We decided to not include these analyses in the current paper to not complexify the paper further (actually “simplification” was a consistent comment across reviewers), since they are not adding much to the main hypothesis. However, out of curiosity and to follow the reviewer’s suggestion, I ran these analyses on the current data, including the LB group.

You find the results in Author response image 5.

We found similar results in LB, as we see in EB. Indeed, in the Jaccard similarity analyses both within groups and between auditory and visual maps (see Author response image 5 central and bottom rows) we observed a similar results as those reported in Mattioni at al., 2020: as for EB, also in the LB group the big objects and places categories show the highest degree of similarity within their own group and also with vision, while the lowest topographical consistency was found for the animal category.

Author response image 5

With the hierarchical clustering analysis on the occipital ROI representation (see Author response image 6) we observe a reduced animate/inanimate division also in the LB group, with animal and humans categories not clustering together and the animals being represented closer to tools or big objects in LB, similarly to what we observed in EB.

Author response image 6

Beyond these qualitative differences, we believe that our topographical analysis revealed also important similarities.

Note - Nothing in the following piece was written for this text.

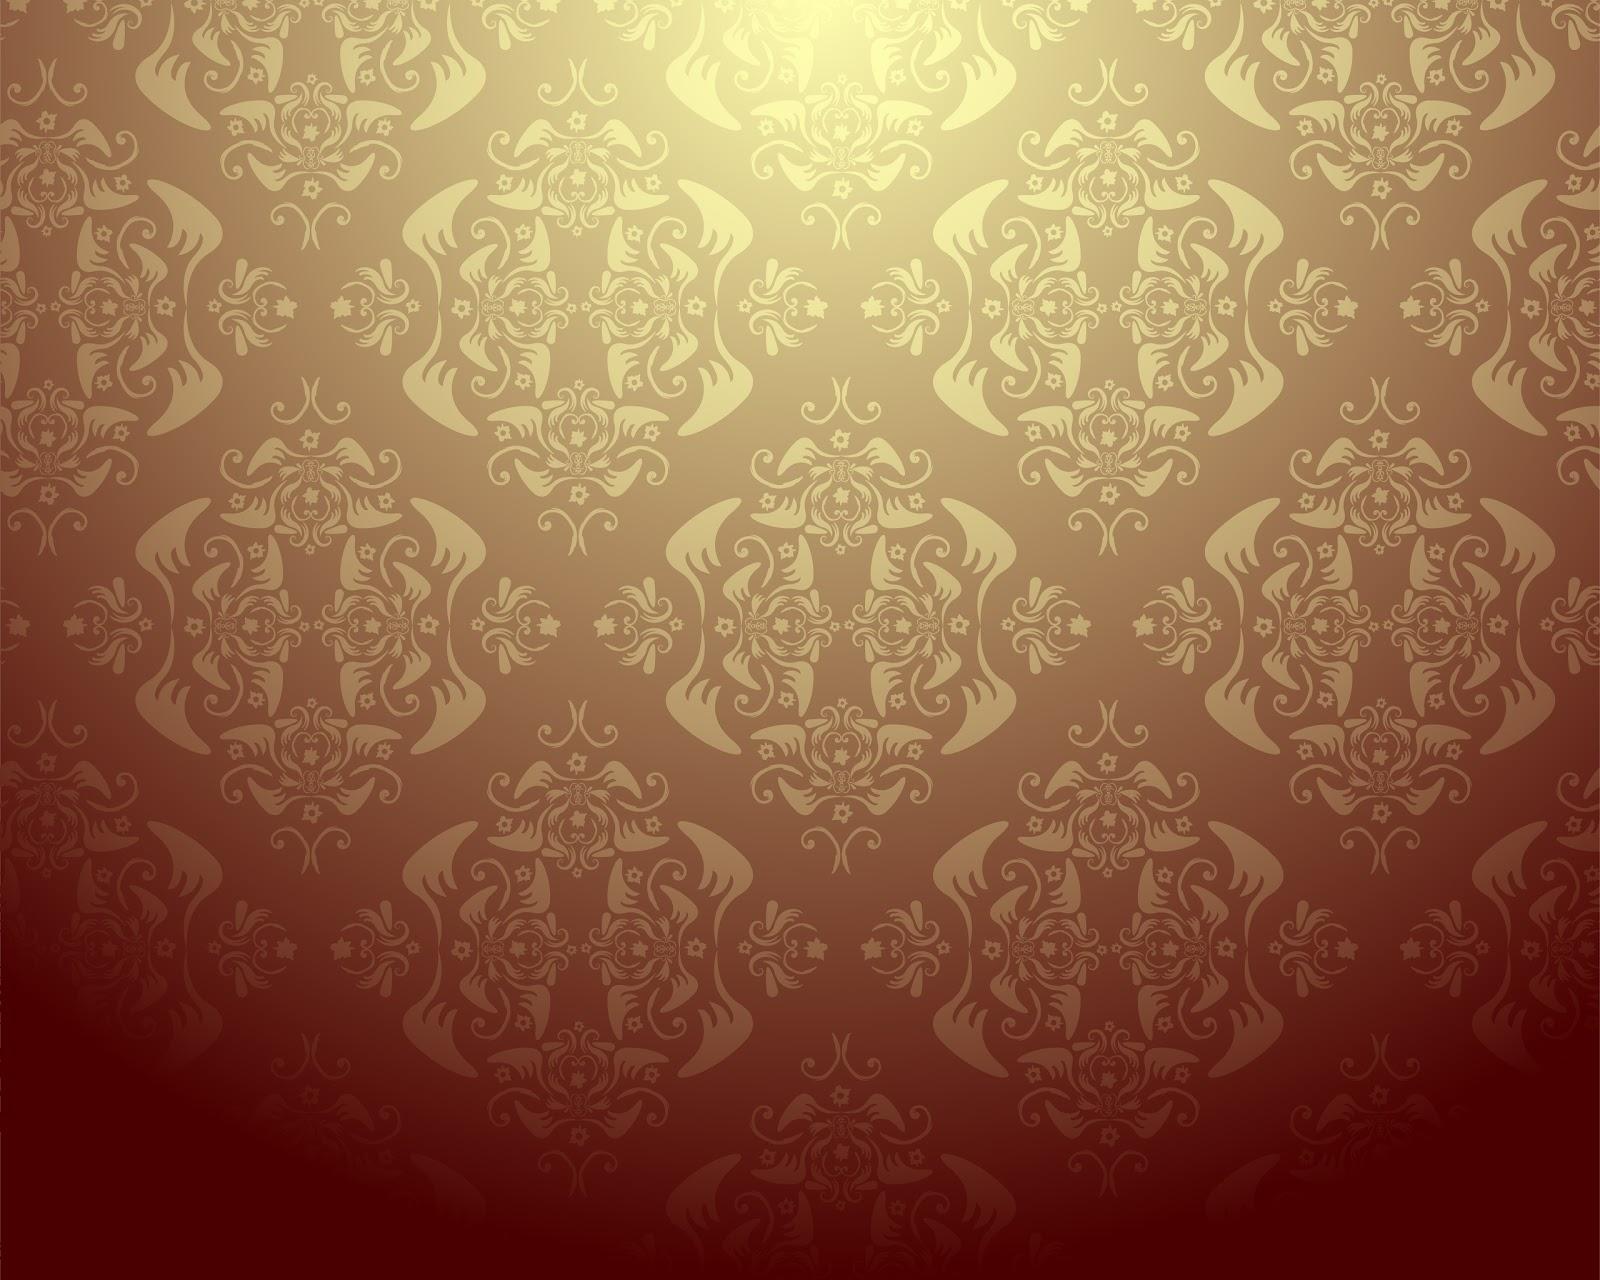 vintage damask background - photo #35
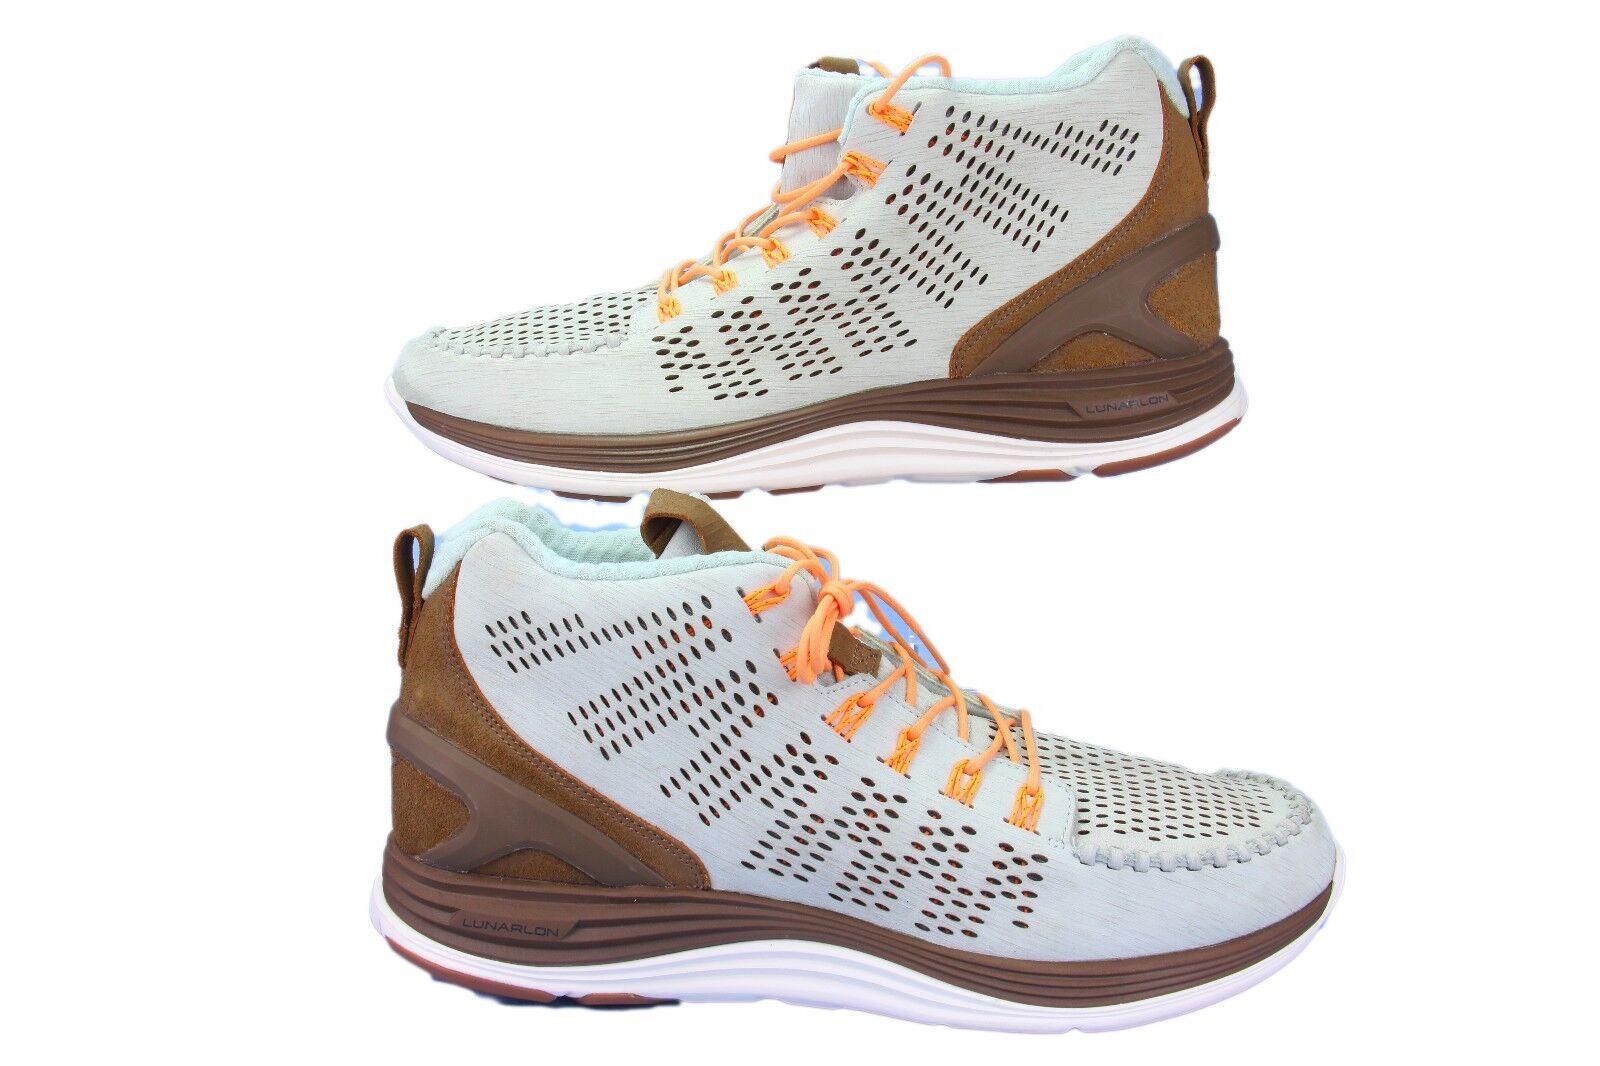 Nike kd 6 vi squadra d'elite scarpe 642838-400 Uomo kevin durant okc thunder

The reviewer for instance mentioned the preference for human stimuli: we isolated this category (voice in audition, face in vision) creating a map only including voxels showing a preference for human stimuli and overlapping these maps across groups (early blind, late blind and sighted control in audition -voice- and sighted control in vision -face-). I include these maps in Author response image 7. As you can see, even if the overlap with the visual map is stronger in the EB, we can still find an overlap also with the late blind and sighted for the auditory map, which is a striking finding in our opinion.

Author response image 7
Human preference in the VOTC of each group and modality.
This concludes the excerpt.